Prostate Cancer Clinical Trial
Official title:
Evaluation of Polymorphisms, Mutations, and Protein Expression by Automated Quantitative Immunohistochemistry (AQUA) in the LapatinibTargets and Metabolic Pathway in Samples From E5803
RATIONALE: Studying samples of tumor tissue and blood in the laboratory from patients with
cancer may help doctors learn more about changes that occur in DNA and identify biomarkers
related to cancer. It may also help doctors predict how patients will respond to treatment.
PURPOSE: This research study is looking at tissue and blood samples from patients with
recurrent prostate cancer who received lapatinib on clinical trial ECOG-E5803.
OBJECTIVES:
- To determine the association between polymorphisms in drug metabolizing enzymes and
lapatinib ditosylate-associated toxicity in patients with hormone-sensitive recurrent
prostate cancer receiving lapatinib ditosylate on clinical trial ECOG-E5803.
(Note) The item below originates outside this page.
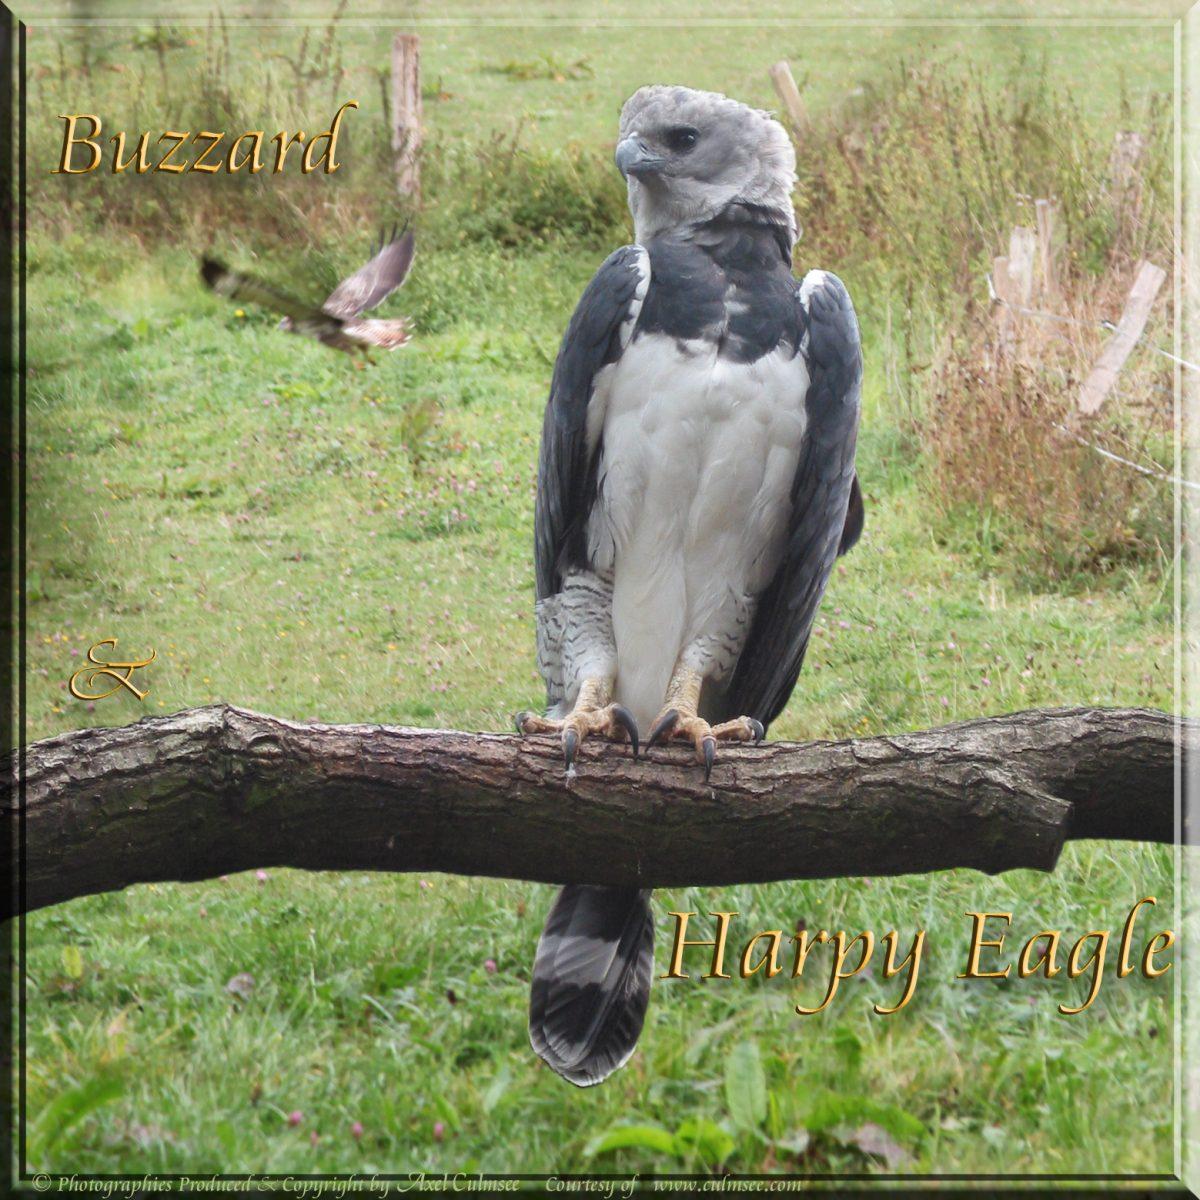 Harpy Eagle meets Buzzard

- To determine the association between mutations in EGFR, HER-2 and Kras; protein
expression of HER2, EGFR, MAPK and AKT; polymorphism controlling androgen synthesis;
and progression-free survival.
OUTLINE: Tissue and blood samples collected from patients enrolled on clinical trial
ECOG-E5803 are analyzed for correlative studies. Samples are assessed for HER2, EGFR, MAPK,
and Akt; EGFR mutations and polymorphisms in CYP3A4; Ras mutations; recently identified
mutations in HER2-neu and Kras; and additional polymorphisms in the lapatinib ditosylate
metabolic pathway by automated quantitative IHC. Predictors of efficacy and toxicity are
analyzed, including markers in the EGFR pathway as predictors of progression-free survival.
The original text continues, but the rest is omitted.